There are already apps built to help people do this work themselves. Our app is built for someone who doesn't want to do the work themselves, or doesn't have the time or skills for it. We use crowdsourcing to quickly get the work done. When a typist logs into the platform they are given a page to type. When a user submits their pages to be typed they choose if they would like to approve the pages themselves for accuracy, or have us arbitrate it (recommended). When a typist finishes a page and submits it, it goes to the arbitrator, who either approves or rejects it (if it has errors). The typist receives their rating from their approval percentage and is suspended or removed if they have too many errors. Before a journal comes into the queue, we take a quick look and rate it's difficulty level, and pay the typists more or less depending on that difficulty level ($0.0002 per character avg). Higher rated typists are given higher rated journals.
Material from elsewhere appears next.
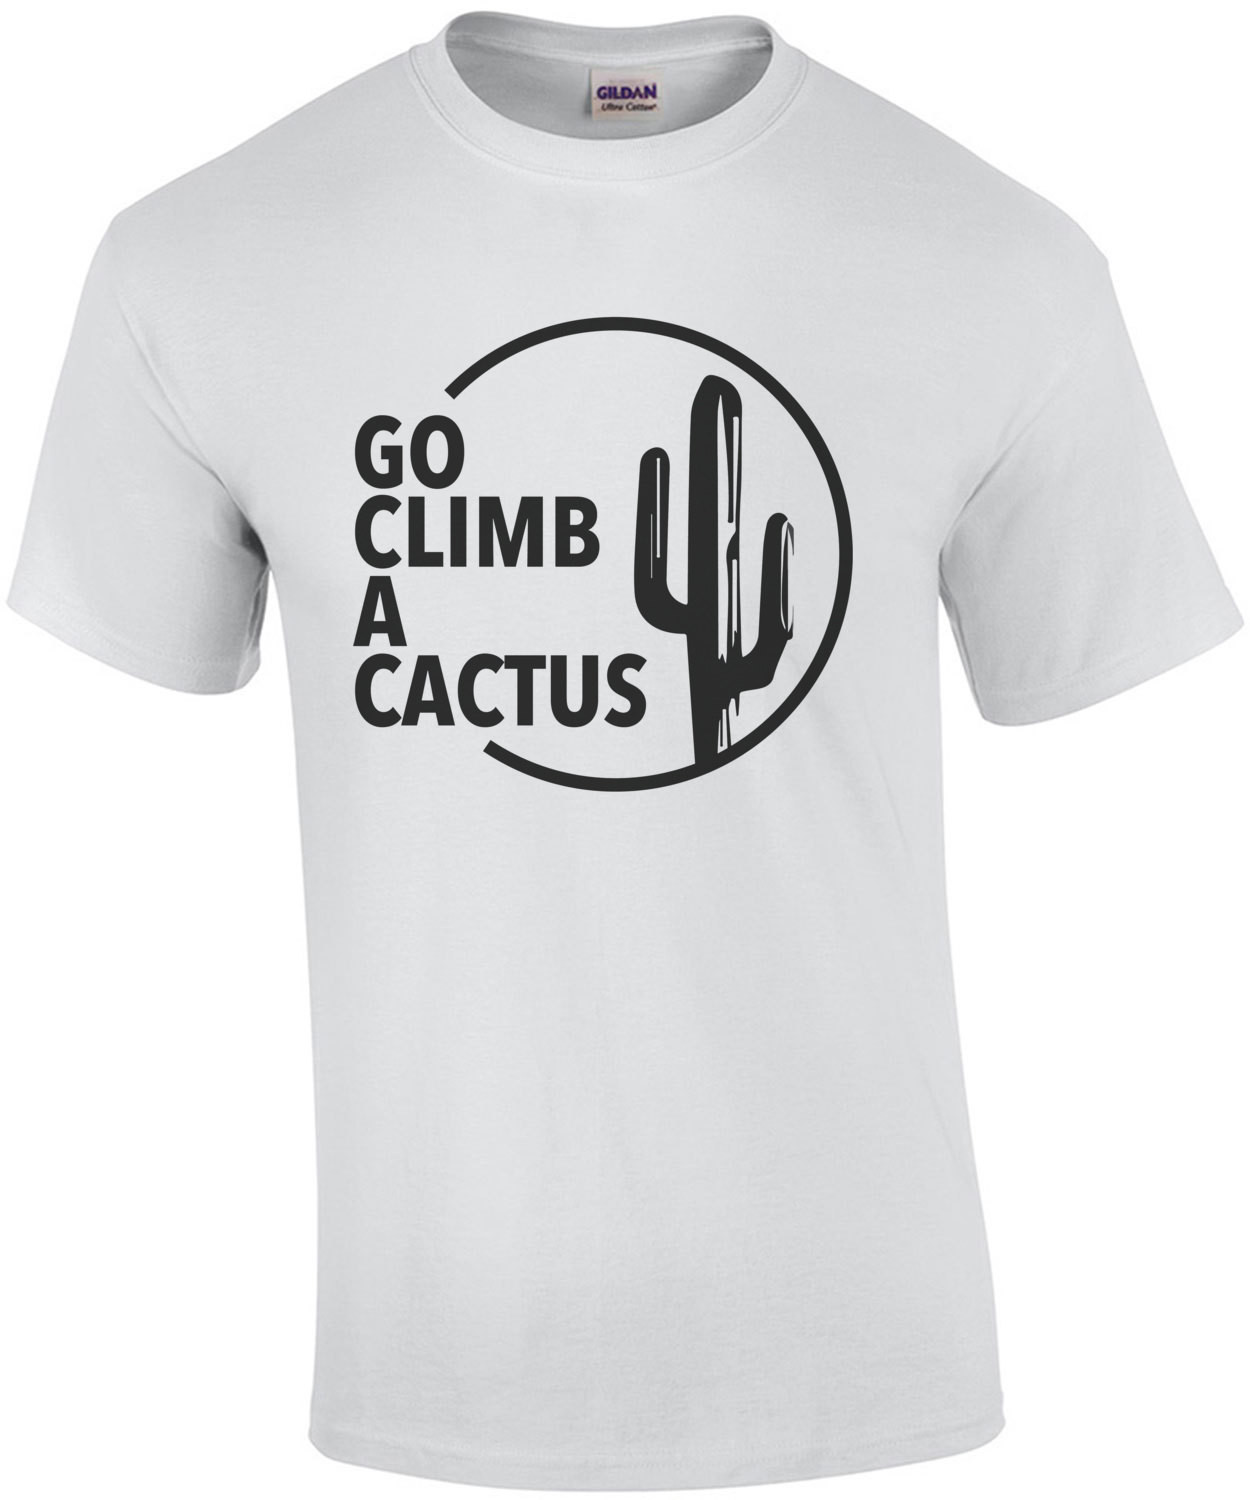 Go climb a cactus - insult t-shirt

Because file storage is so cheap now, it isn't a high cost for us to store the files for free. We keep all of the image files in Amazon's S3 and don't charge a monthly price to keep them in the cloud. Currently we charge $1.00 per page (or image) that we type. But we've been able to discount people to $.40 cents per page and still make a profit. This price pays for the typing and tagging service, and a lifelong hosting of the images and text. This model may change in the future, but for now it seems to work.
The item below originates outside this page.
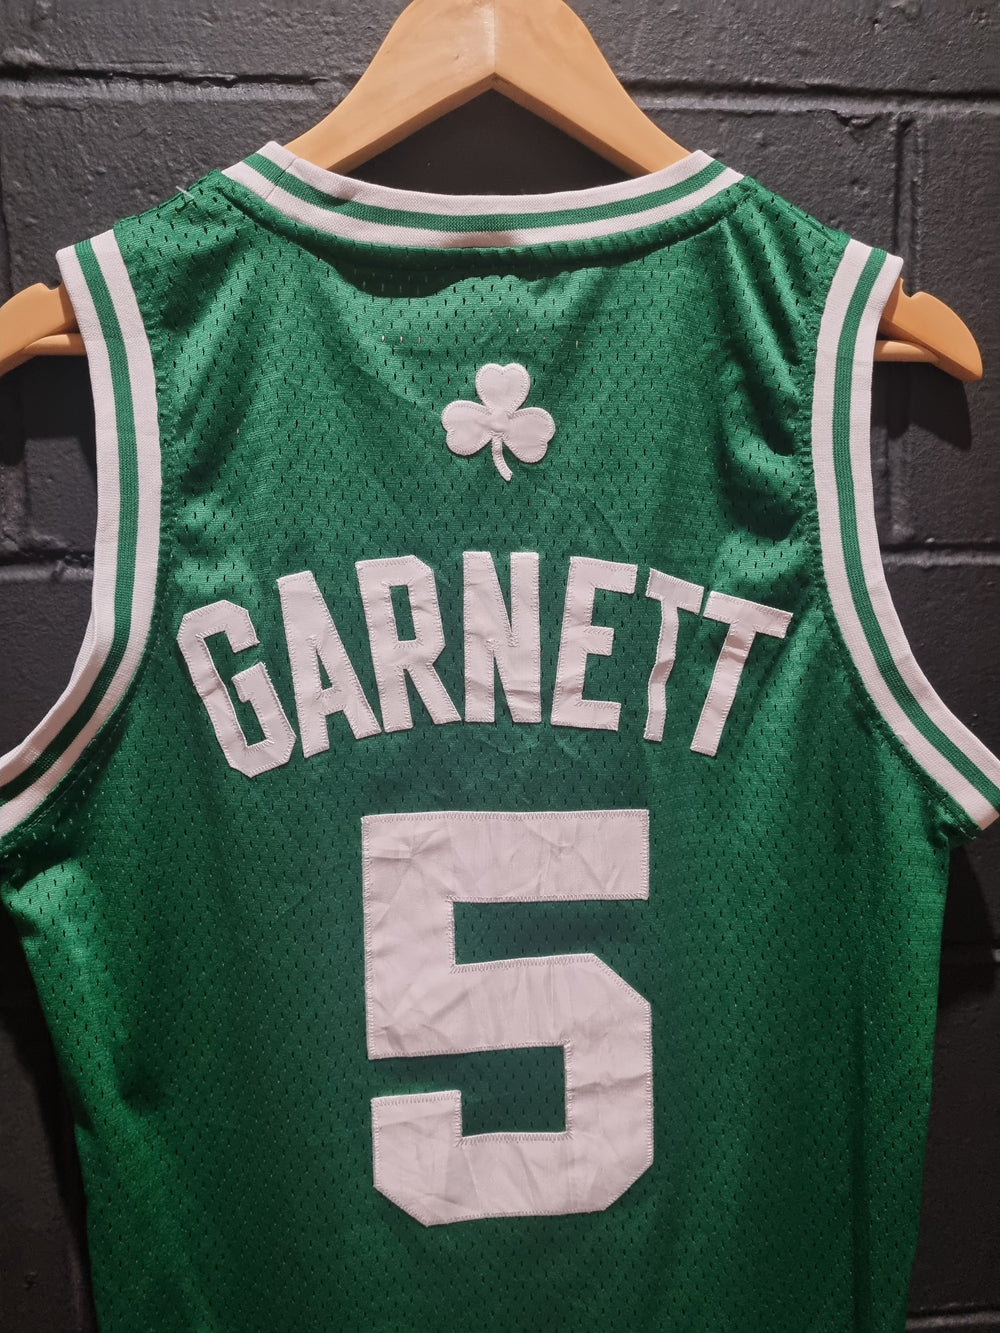 Boston Celtics Garnett Adidas Small

For people who don't want to scan their pages themselves, we can scan them for a small fee. If we have a scanner in the area (currently only St. George, UT) we can go to their house to scan the pages. We use portable high definition overhead scanners to scan quickly and effectively. If we don't have a scanner in the area, they can send us the journals and we will take museum-quality care of them to scan them, and send them back.
We've built the platform to be a one stop solution to organize and digitize the entire collection of journals from someone's life. There are thousands of boxes of journals sitting in attics and closets. We want to help take those down from the attic and put them where they will be useful.
How I built it
Before building anything I had customers that wanted me to do the work for them. I was using Odesk to manage my typists and I was a middle man. The platform was designed step by step to replace me as the middle man. As the platform progressed I made my customers users on the system, and slowly shimmied myself out of the picture, until they were using the platform to manage their things without needing me. As I signed up new people I paid careful attention to the questions they had, and refined the process and UI to reduce the questions to almost zero. For my typists, most of them were from the Philippines and it took a lot of training at first to get them used to the system, and doing everything correctly. Every question they had, or mistake they made gave me a new project to work on. Slowly I was able to shimmy myself out of the picture with them them too to the point I could sign up a new typist with a few paragraphs of an explanation, and the system would get them through the rest.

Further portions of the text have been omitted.